*GIVEN INFORMATION:*
==*==
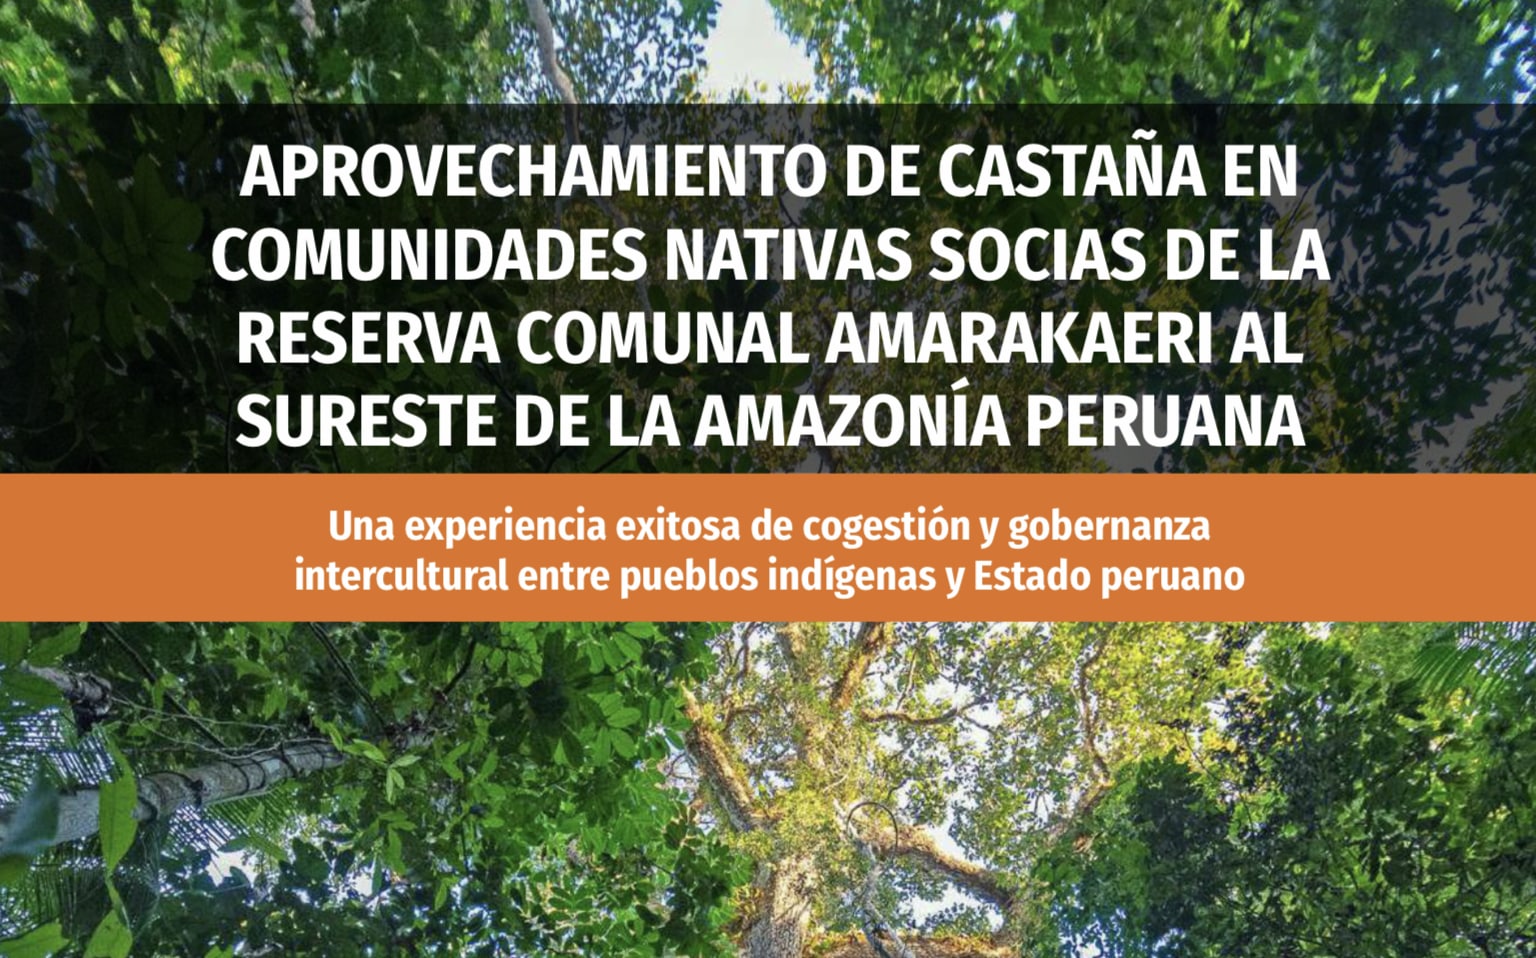 Aprovechamiento de castaña en comunidades nativas socias de la Reserva Comunal Amarakaeri al sureste de la Amazonía peruana
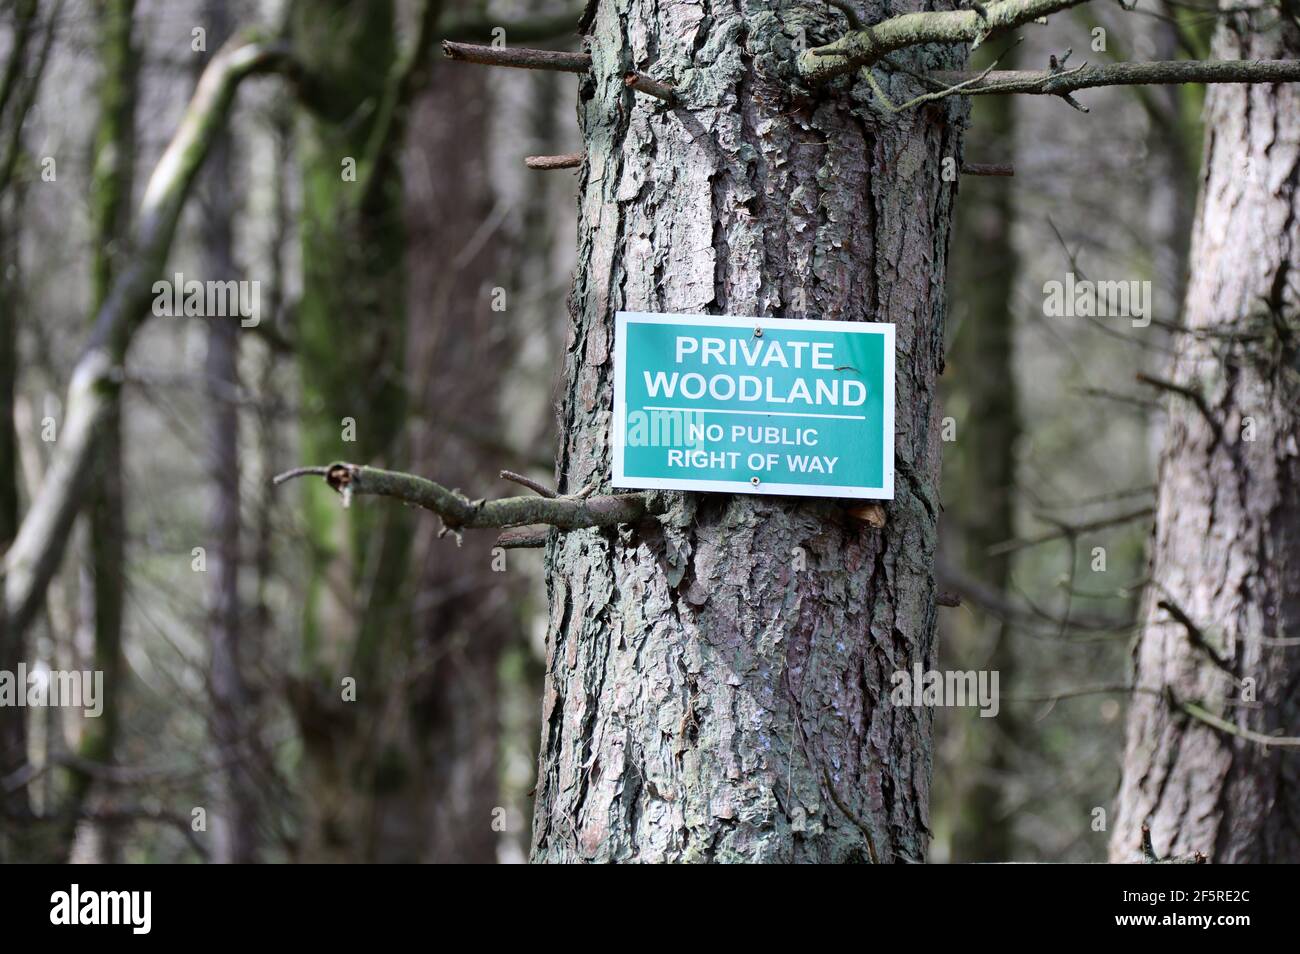 Privado Woodland sin derecho público de vía firme en Gran Bretaña Foto de stock
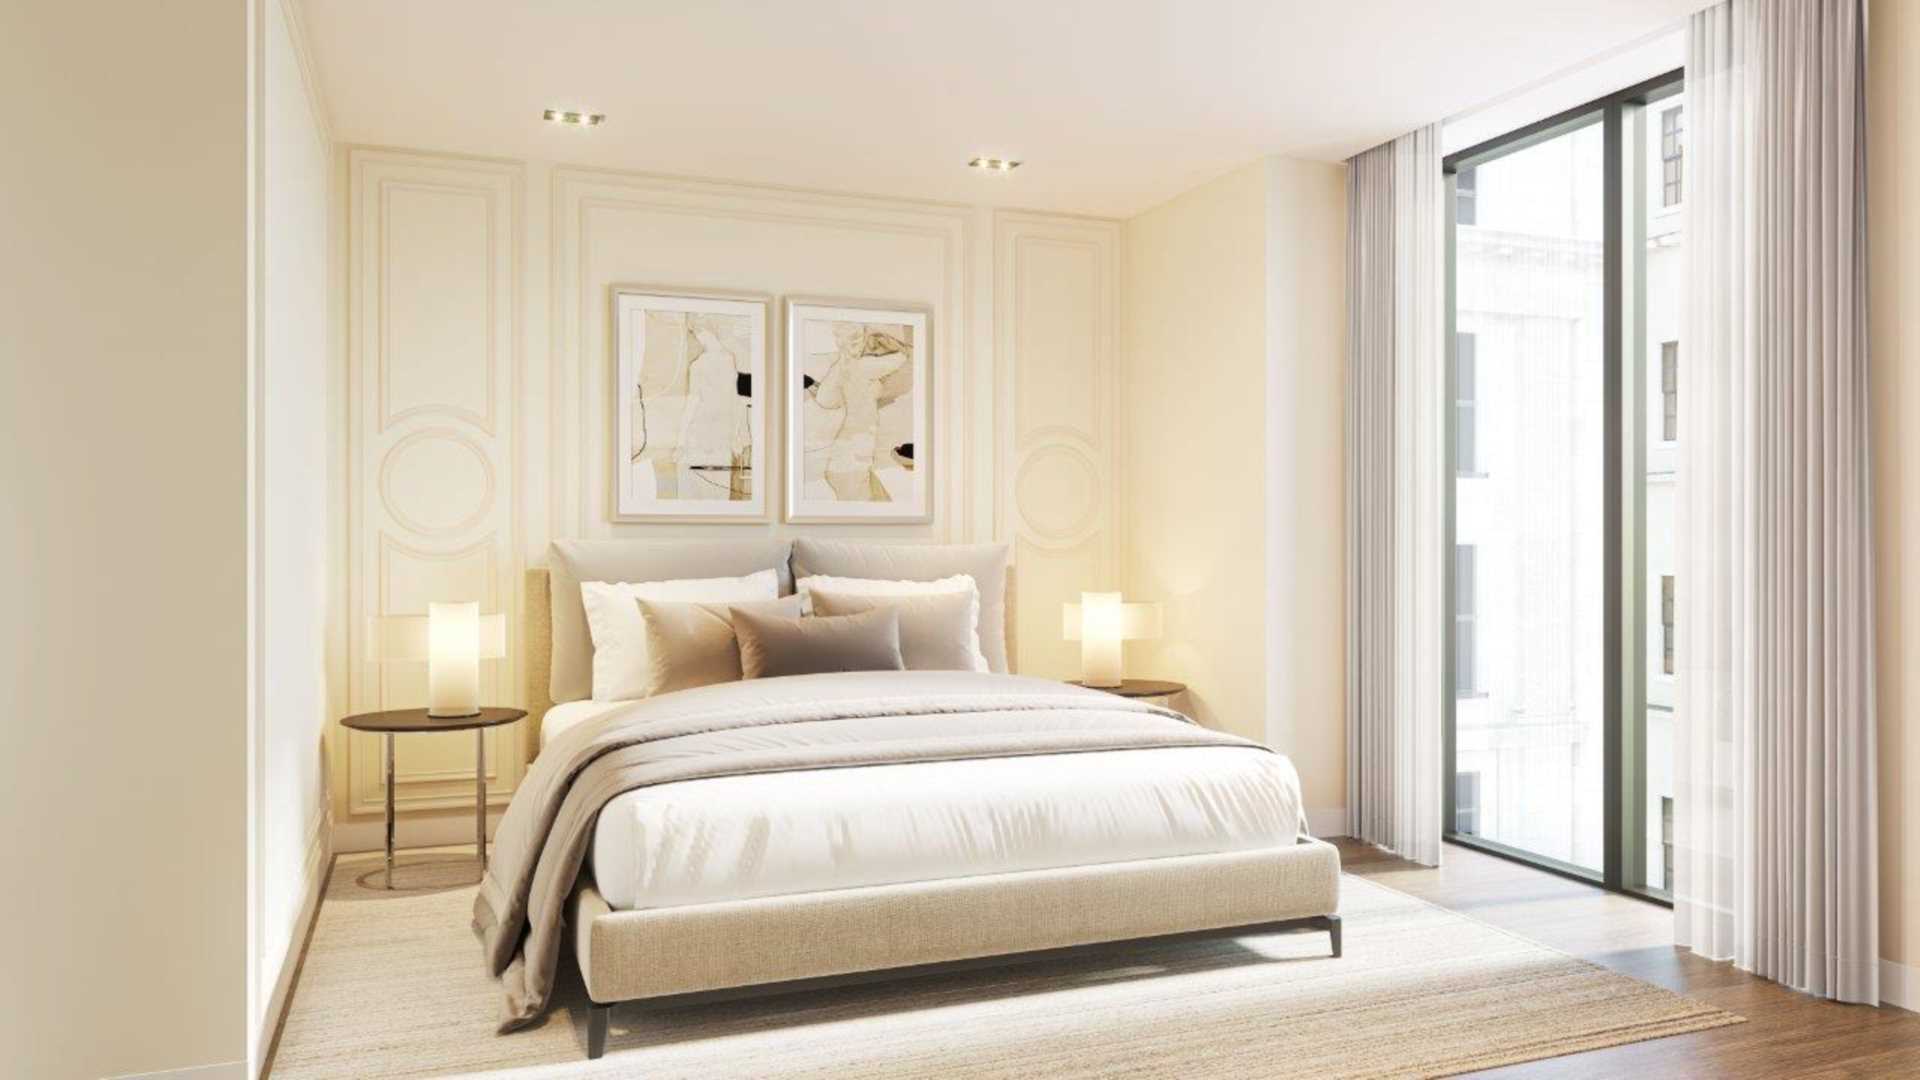 London W1W 5QJ 1 bed flat sales property internal/external image-1
==*==
*YOUR INSTRUCTIONS:* Give every line of the listing above again, exactly, with no images.

*ANSWER TO THIS PROBLEM:*
 Aprovechamiento de castaña en comunidades nativas socias de la Reserva Comunal Amarakaeri al sureste de la Amazonía peruana
 Privado Woodland sin derecho público de vía firme en Gran Bretaña Foto de stock
 London W1W 5QJ 1 bed flat sales property internal/external image-1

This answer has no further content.